HTML strip character filter

HTML strip character filter

Strips HTML elements from a text and replaces HTML entities with their decoded value (e.g, replaces & with &).

The html_strip filter uses Lucene’s HTMLStripCharFilter.

Example

The following analyze API request uses the html_strip filter to change the text <p>I&apos;m so <b>happy</b>!</p> to \nI'm so happy!\n.

  1. GET /_analyze
  2. {
  3. "tokenizer": "keyword",
  4. "char_filter": [
  5. "html_strip"
  6. ],
  7. "text": "<p>I&apos;m so <b>happy</b>!</p>"
  8. }

The filter produces the following text:

  1. [ \nI'm so happy!\n ]

Add to an analyzer

The following create index API request uses the html_strip filter to configure a new custom analyzer.

  1. PUT /my-index-000001
  2. {
  3. "settings": {
  4. "analysis": {
  5. "analyzer": {
  6. "my_analyzer": {
  7. "tokenizer": "keyword",
  8. "char_filter": [
  9. "html_strip"
  10. ]
  11. }
  12. }
  13. }
  14. }
  15. }

Configurable parameters

escaped_tags

(Optional, array of strings) Array of HTML elements without enclosing angle brackets (< >). The filter skips these HTML elements when stripping HTML from the text. For example, a value of [ "p" ] skips the <p> HTML element.

Customize

To customize the html_strip filter, duplicate it to create the basis for a new custom character filter. You can modify the filter using its configurable parameters.

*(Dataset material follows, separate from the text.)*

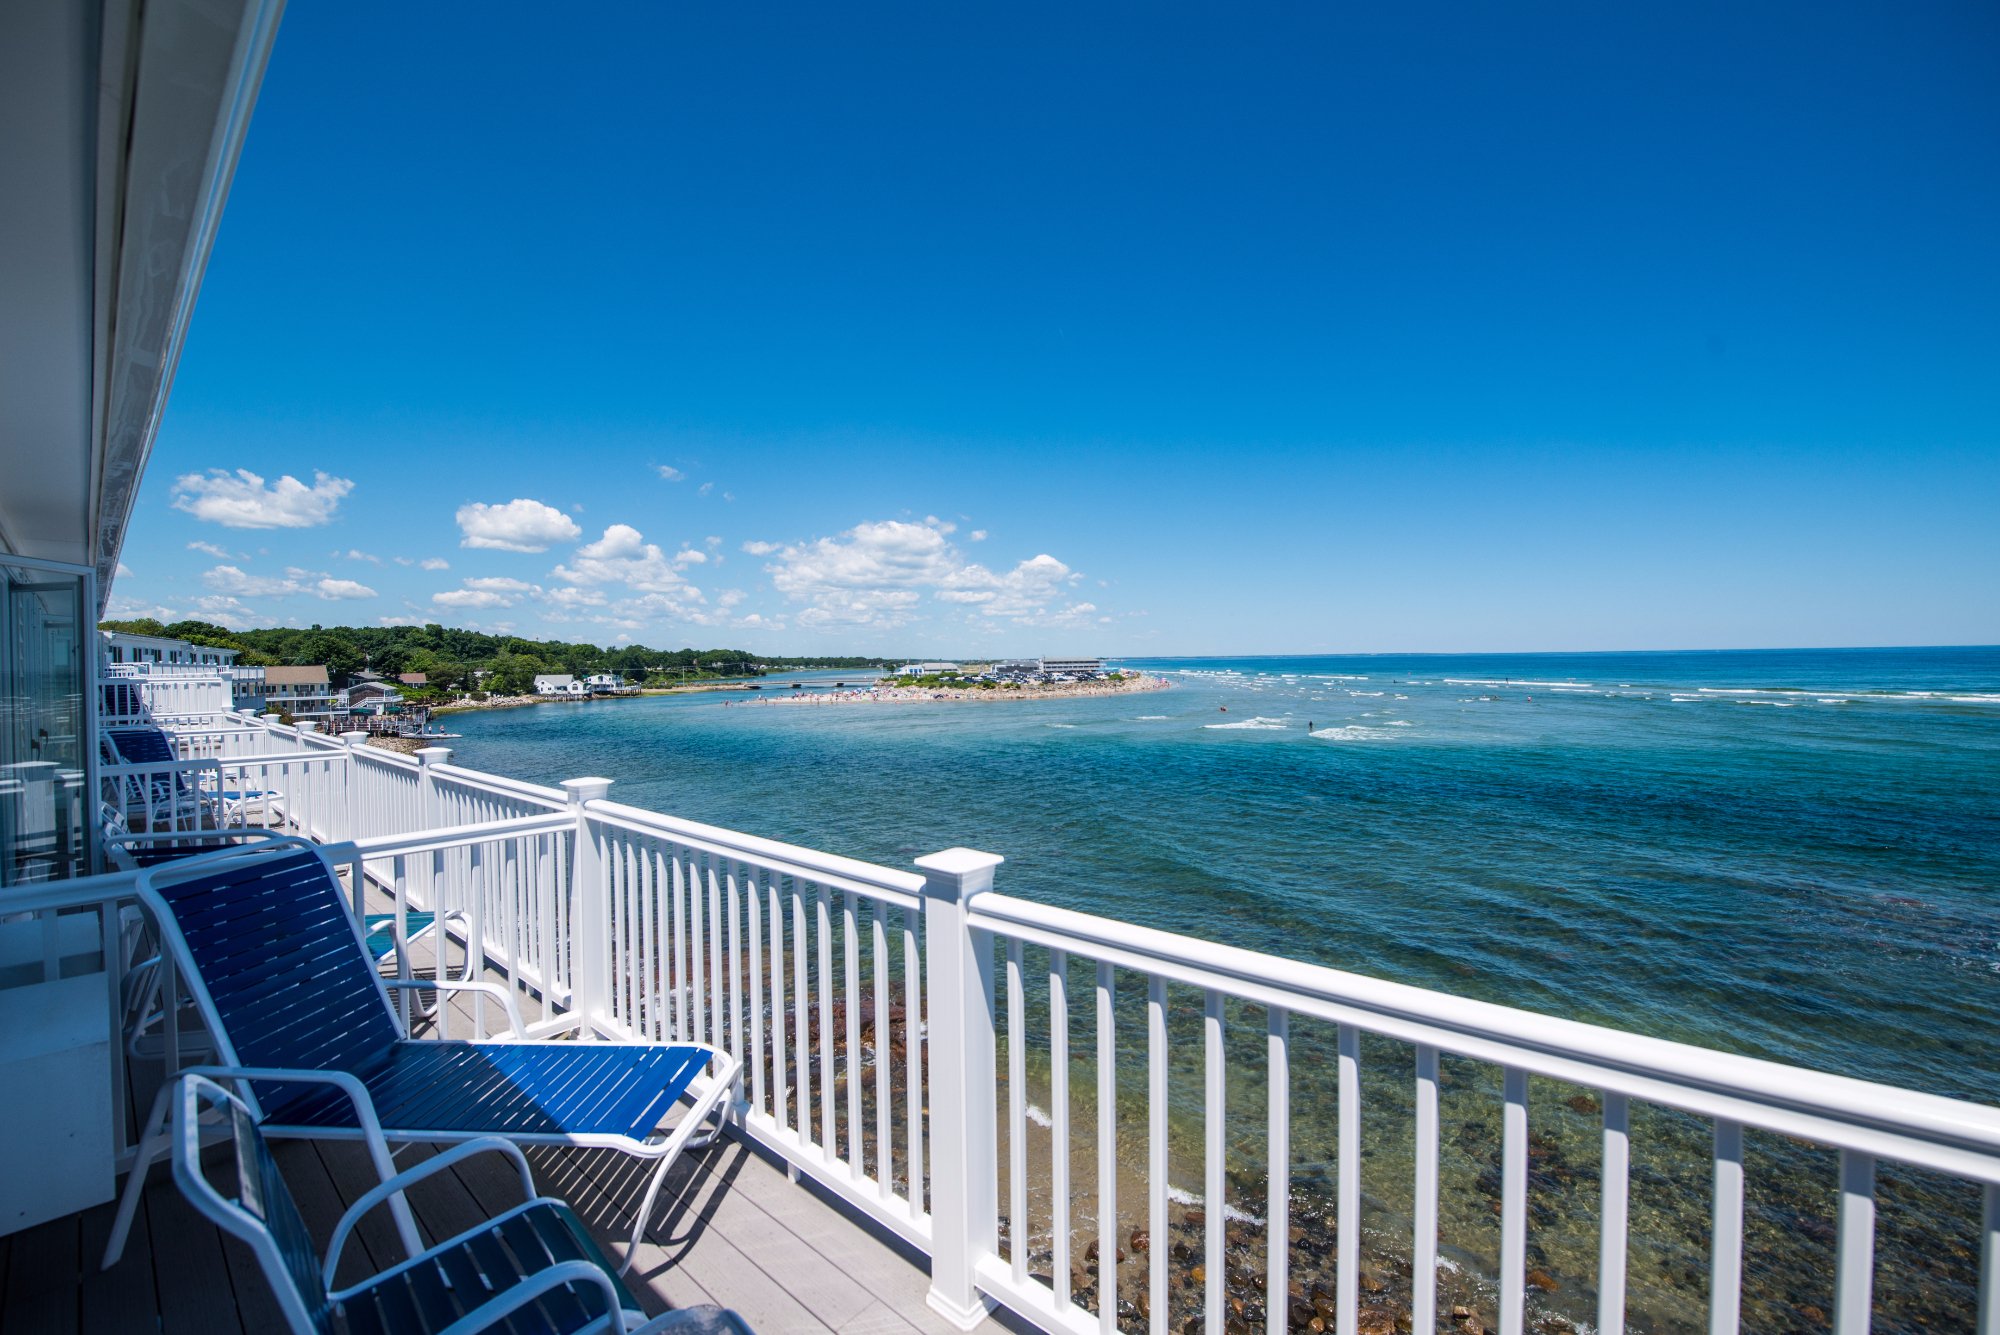 The Sparhawk Oceanfront Resort Ogunquit ME What to

The following create index API request configures a new custom analyzer using a custom html_strip filter, my_custom_html_strip_char_filter.

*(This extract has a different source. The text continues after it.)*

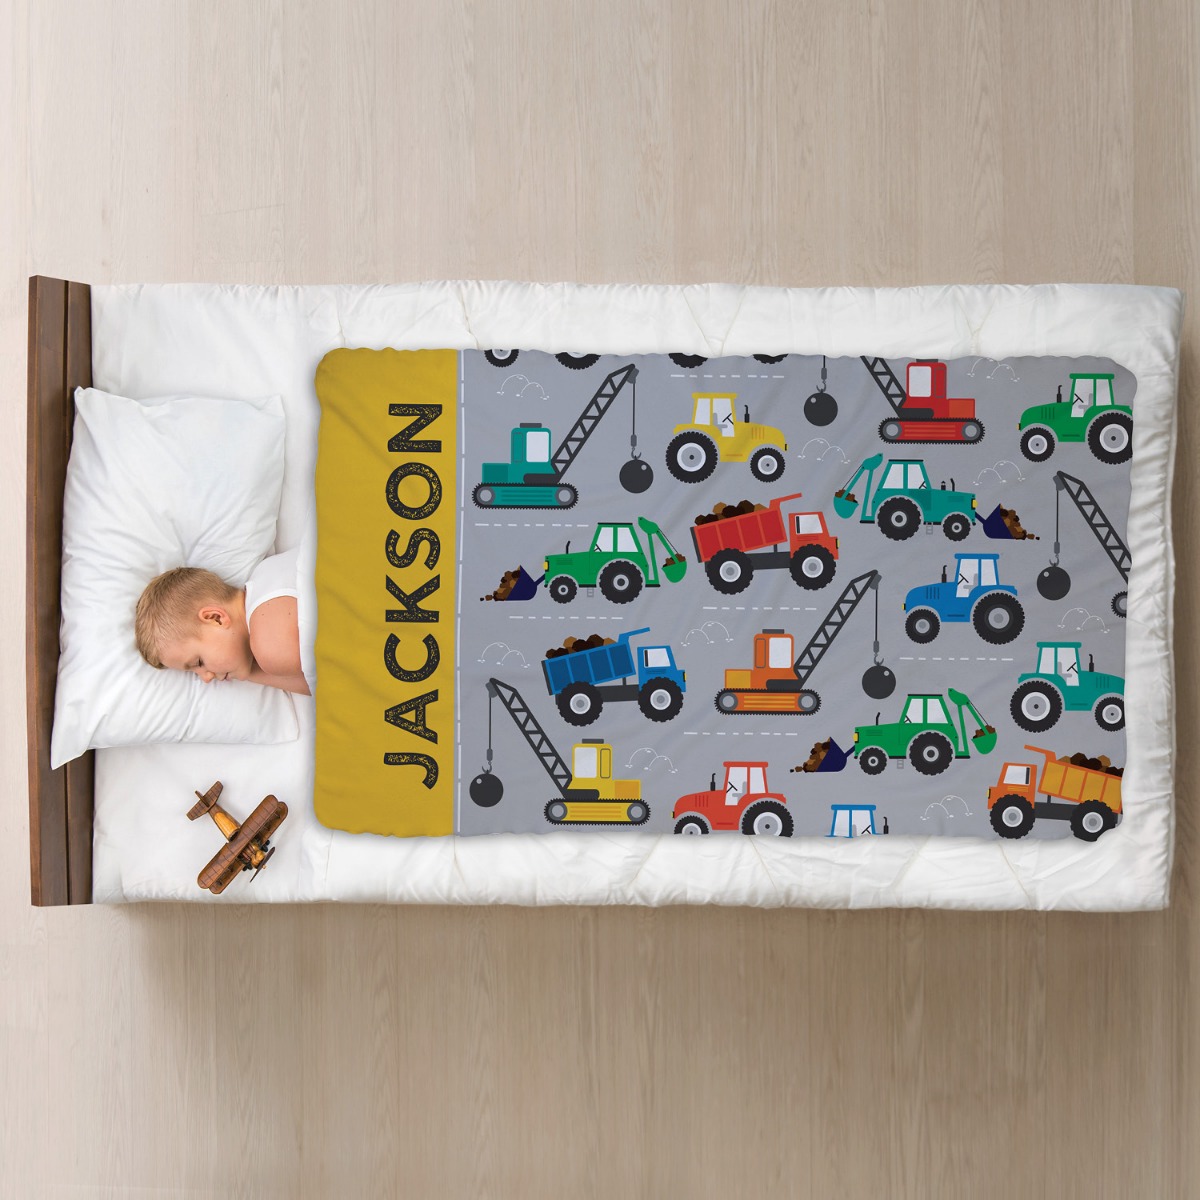 Construction Truck Personalized Fuzzy Throw Blanket

The my_custom_html_strip_char_filter filter skips the removal of the <b> HTML element.

  1. PUT my-index-000001
  2. {
  3. "settings": {
  4. "analysis": {
  5. "analyzer": {
  6. "my_analyzer": {
  7. "tokenizer": "keyword",
  8. "char_filter": [
  9. "my_custom_html_strip_char_filter"
  10. ]
  11. }
  12. },
  13. "char_filter": {
  14. "my_custom_html_strip_char_filter": {
  15. "type": "html_strip",
  16. "escaped_tags": [
  17. "b"
  18. ]
  19. }
  20. }
  21. }
  22. }
  23. }